Demand to lease industrial property increased the most year on year, at 11%, followed by offices (2%) and leisure (1%). Leasing demand for retail properties fell by 4% over the same period. When it comes to investment demand, industrial fared best at a 12% increase, followed by offices (4%) and retail (3%). Demand for leisure fell by 7%.

What trends did we see in supply of commercial property? 

At the same time, supply across all sectors ticked up when it came to leasing and all but leisure in terms of investment. At a time when demand is muted – or at least more muted – this is, perhaps, to be expected.  

How has the office sector fared in 2025? 

Exterior of office buildings

Demand to lease office space in some of London’s key business locations dropped by more than the national average, another signal that some business leaders adopted a wait and see approach at the end of 2025 due to the Budget – although this could also be due to tight supply at the prime end of the market.

Demand to lease office space in the City of London dropped by nearly a quarter compared to the same period a year ago (-24%), while in Westminster there was a drop of 8%.

What did the Budget include? 

There was speculation in the months leading up to the Budget that there would be significant changes to the tax code, giving business leaders a reason to wait and see what would happen. 

The Budget did indeed include a major shake-up of business rates. From April 2026, a new five-category multiplier structure will apply. Perhaps most prominently, it introduced a clear distinction between retail, hospitality and leisure properties and all other commercial properties, as well as a new band for high-value premises.

What do commercial property experts think about the commercial market? 

“It seems that uncertainty in the run up to the Budget suppressed demand in some areas, but it’s positive that it mostly continued to grow year-on-year,” said Andy Miles, managing director, commercial, at Rightmove. “Some business leaders understandably delay their decision making when potentially large financial changes are just around the corner.” 

Ali Rana, head of national investment at consultancy Carter Jonas, noticed the fall in activity well before the Budget took place. “Concerns surrounding the forthcoming November Budget are dampening transaction activity,” he told BE News at the start of November.  

“Uncertainty over potential tax changes and business rates reform is prompting some investors to delay decisions until policy clarity emerges.

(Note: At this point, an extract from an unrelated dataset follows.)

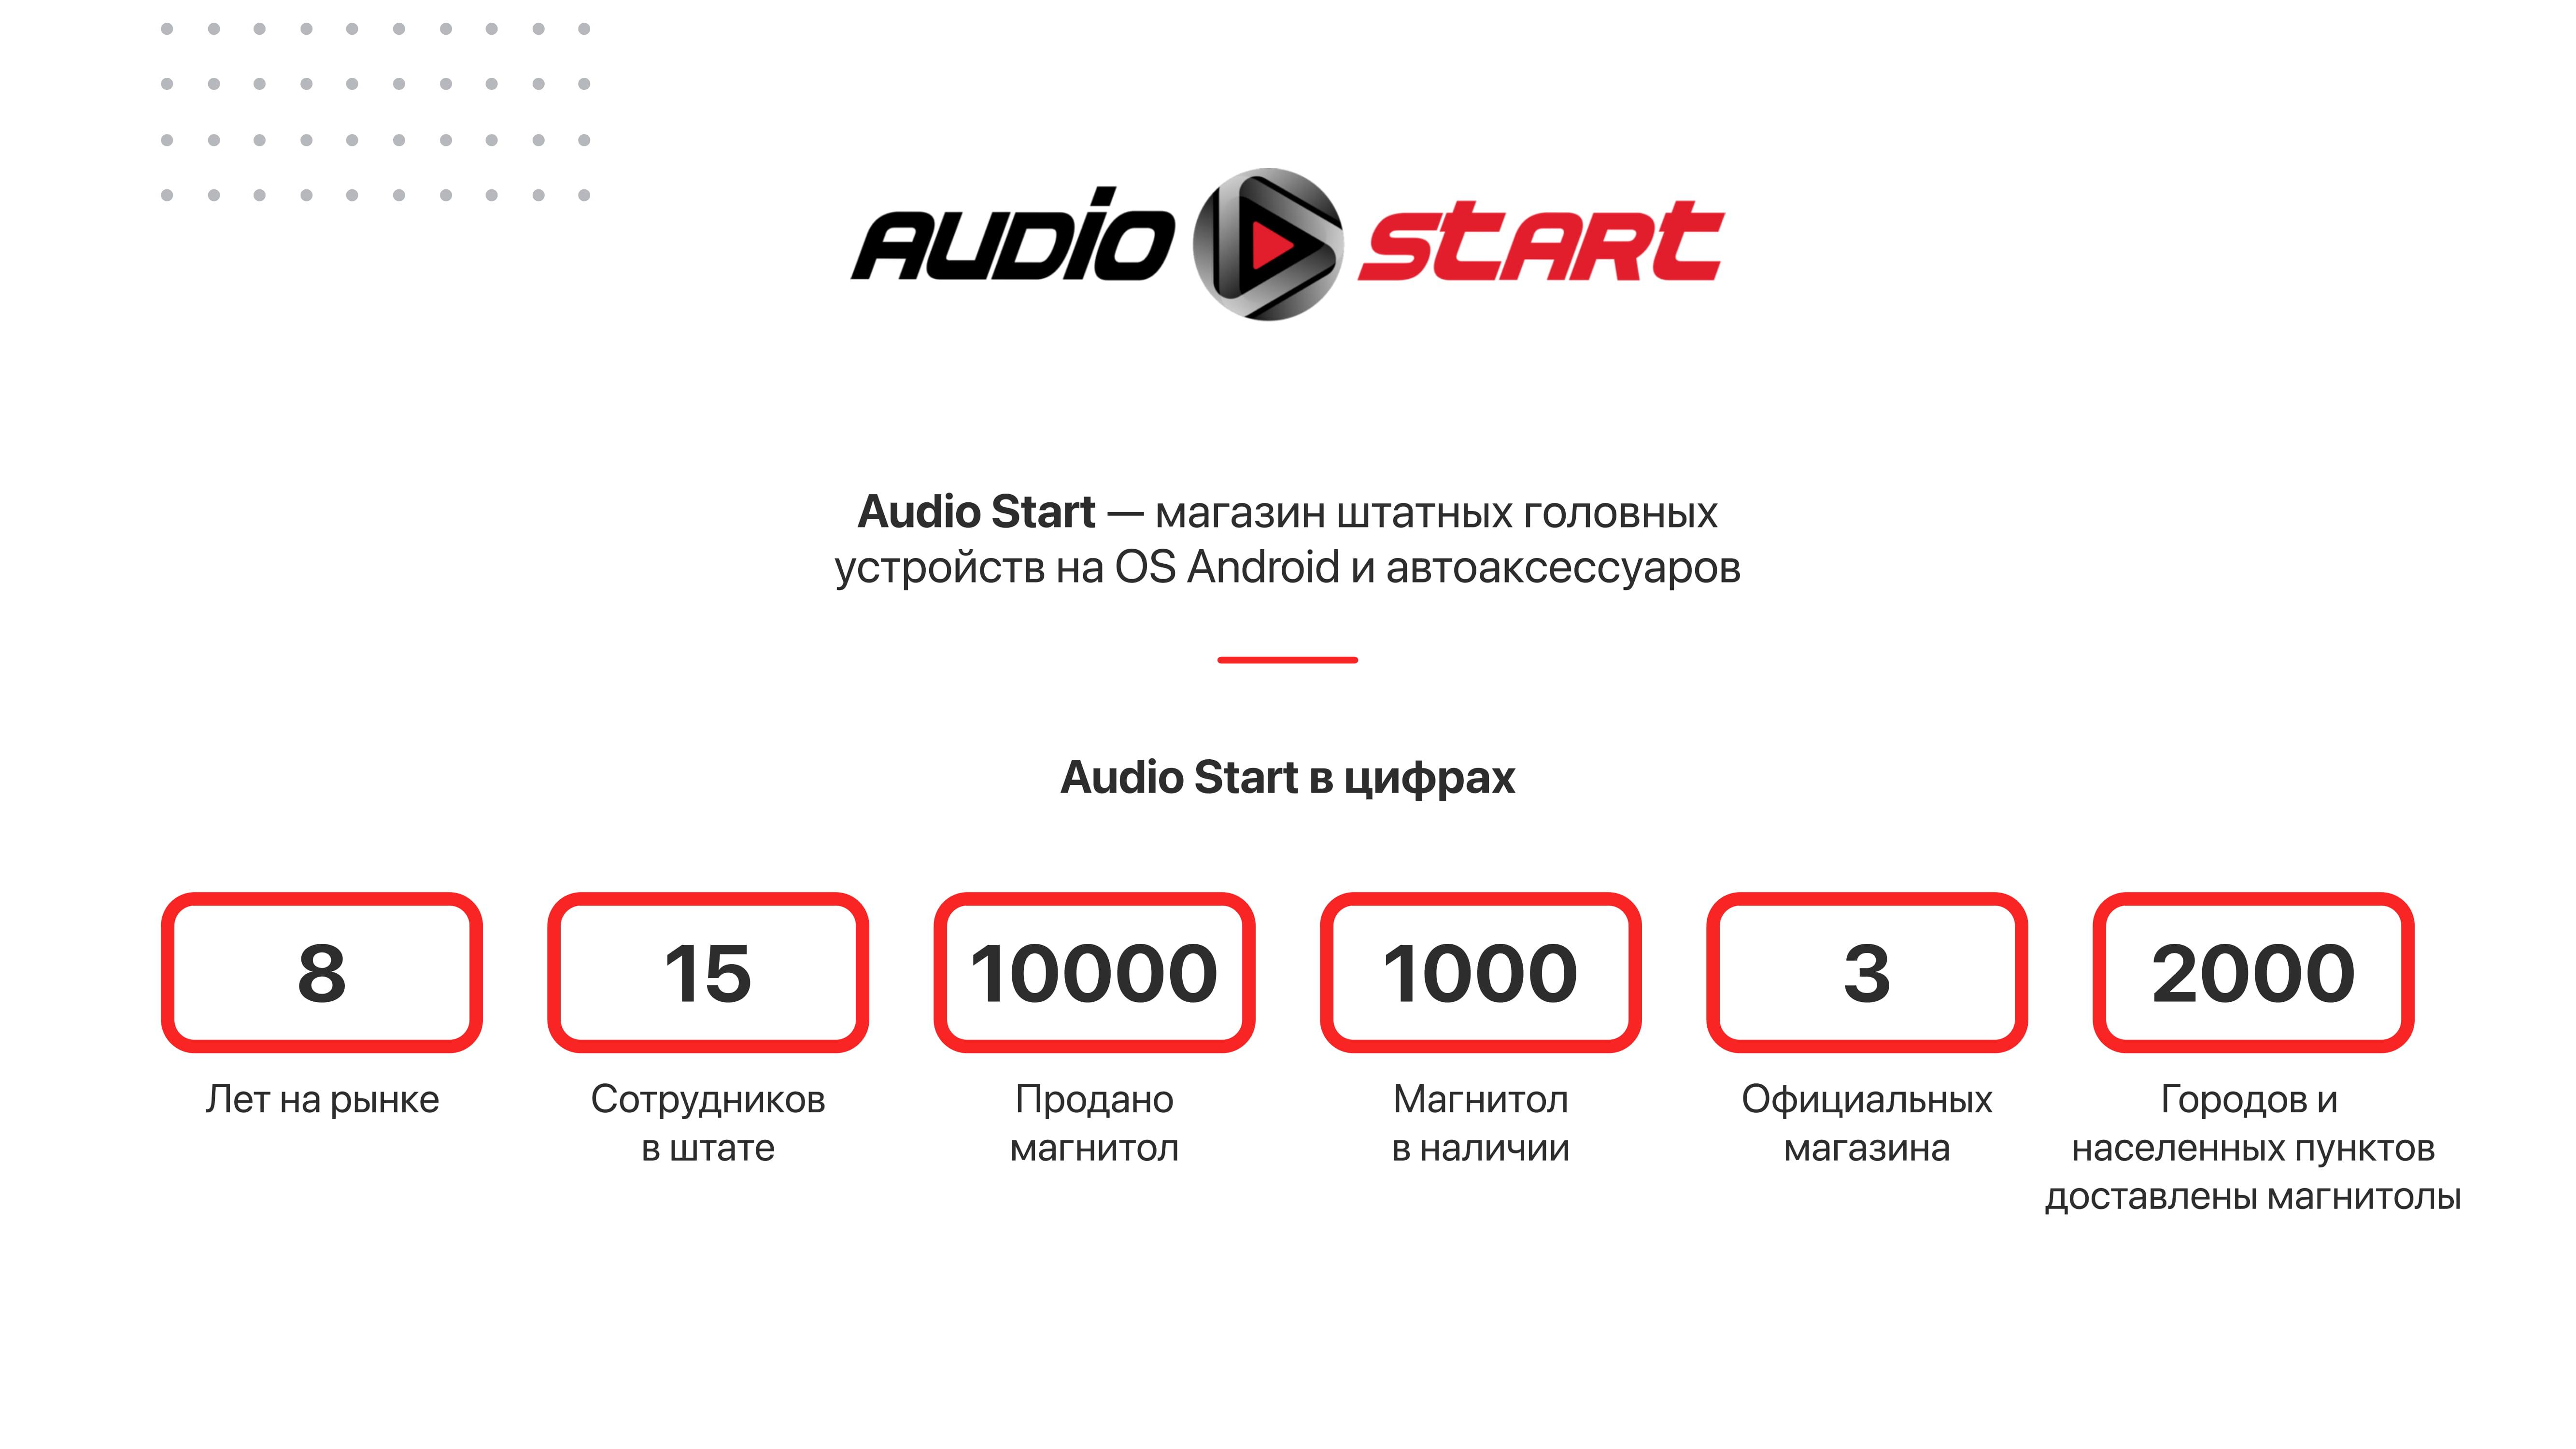 https://audiostart.ru/images/upload/Audio%20Start%20Presentation%20Print-02.jpg

Nonetheless, stabilising rental performance and improving yield dynamics are providing encouraging signs for 2026.” 

Hesitancy also showed up in the RICS Commercial Property Market Survey in the run up to the Budget, with multiple respondents citing fiscal uncertainty.  Chris Thomas from Christopher Thomas & Co was typical. “Concerns about wider economic and fiscal outlook combined with questions over interest rates, stubborn inflation and a delayed Autumn Budget are stifling short term market activity,” he told RICS. “This has created a ‘wait and see’ stage to the market cycle, primarily caused by weak, poor messaging and lack of direction by the current Labour administration.” 

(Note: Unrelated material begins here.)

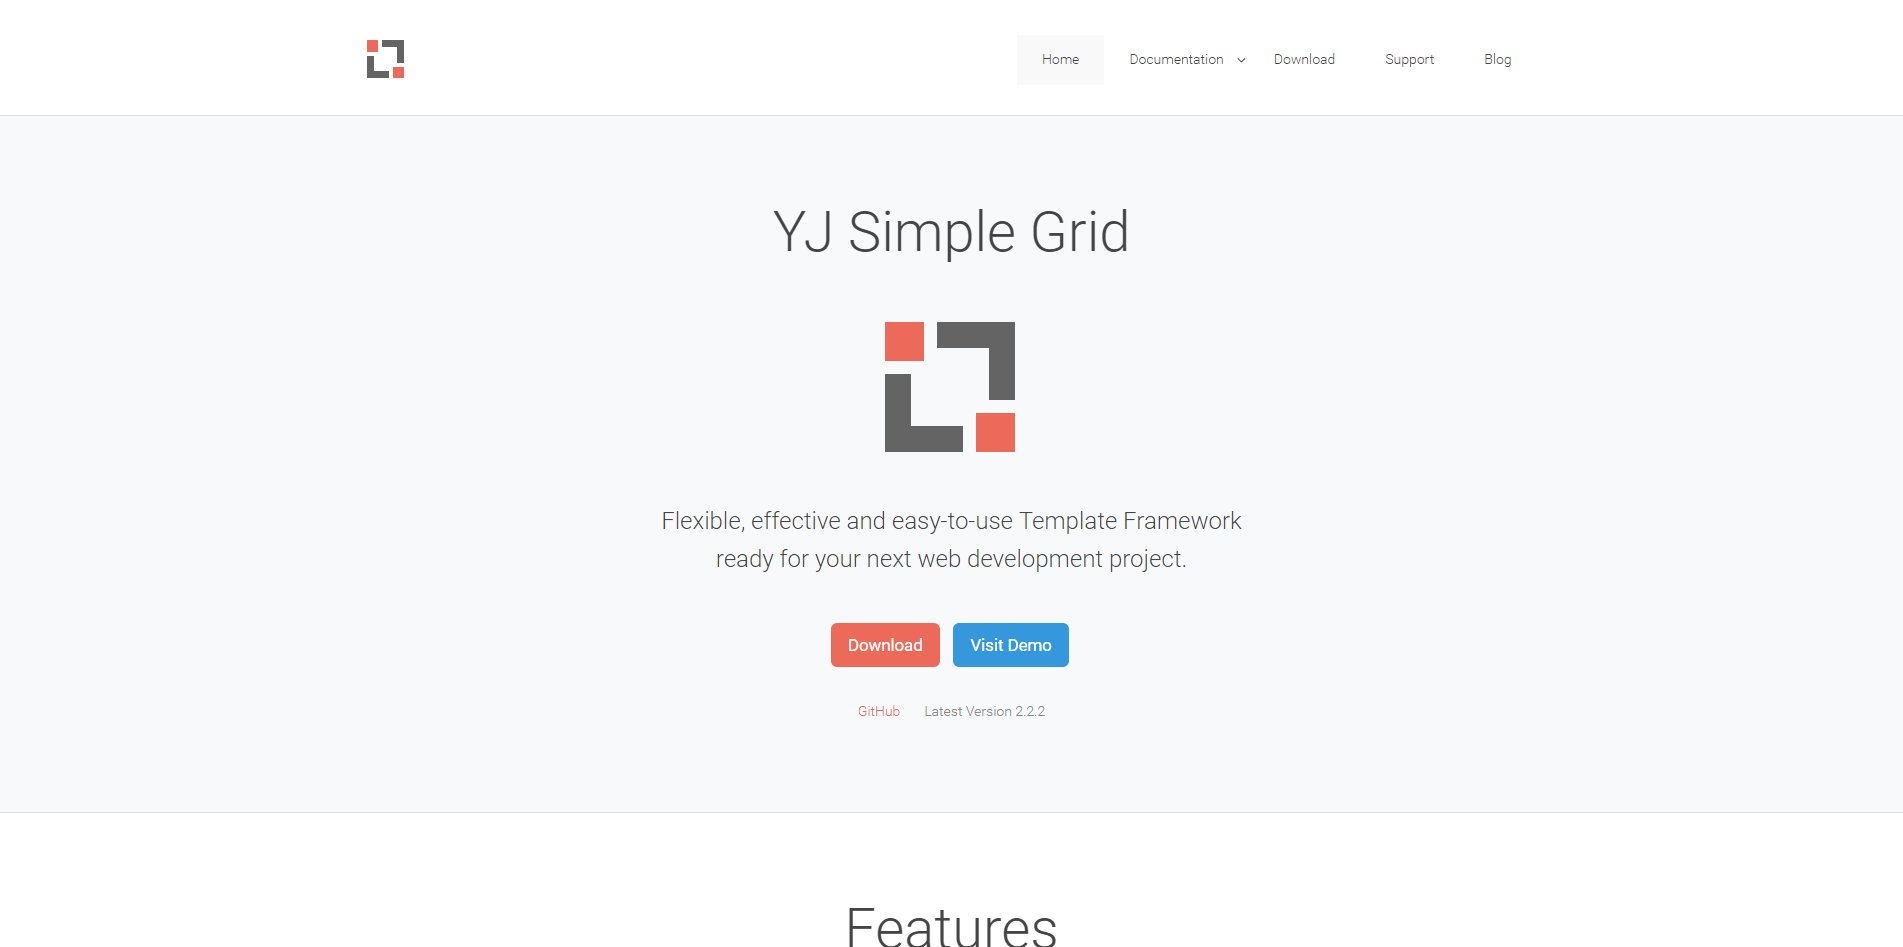 YJSG Template Framework

How will the commercial property market perform in 2026? 

However, the consensus is that 2026 is set to be a more positive year for commercial property. “With interest rate expectations becoming more predictable and inflation appearing to have peaked, reduced development pipelines are helping to underpin a gradual recovery in investment activity, particularly in prime industrial assets and offices suited to refurbishment, repositioning or conversion to alternative uses,” Rad Radev, associate researcher at Carter Jonas, told BE News. 

Miles agrees, noting that the Rightmove figures for the last quarter of 2025 remain robust, perhaps surprisingly given the uncertainty caused by the Budget. “There are positive signs ahead for the rest of 2026,” he said.  

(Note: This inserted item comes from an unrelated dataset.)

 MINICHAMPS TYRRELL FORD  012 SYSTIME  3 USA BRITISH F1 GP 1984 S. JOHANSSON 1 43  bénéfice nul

“Not only is demand largely higher than last year, but we are expecting to see further interest rate cuts starting later this year, which would help to make commercial property investment more attractive and viable to some investors. It’s still a difficult cost climate for many businesses, but stable demand to lease commercial space and interest rate reductions for investors would help to create some momentum for the 2026 market.” 

Darren Bond, Global Managing Director at Christie & Co, agrees. “We are optimistic about the market outlook for our specialist sectors,” he says. “The visibility and pipeline of transactions anticipated to happen in the first half of the year are encouraging when compared with the same period a year ago.”  

He adds: “There is no doubt that cost pressures will continue to put a strain on businesses, and the economic environment will be more challenging in the year ahead. As long as demand remains at the current level, with bank funding readily available, then we see no reason why market sentiment shouldn’t be maintained and even surpass the levels seen in 2025.” 

At the same time, Christie & Co expects to see continued financial distress and an increase in non-performing operational real estate in the year ahead, fuelling demand for restructuring and insolvency services. 

“Economic challenges and financial pressures were catalysts for a rise in business distress in 2025,” says Stephen Jacobs, Director – Bank Support & Business Recovery, at the company.  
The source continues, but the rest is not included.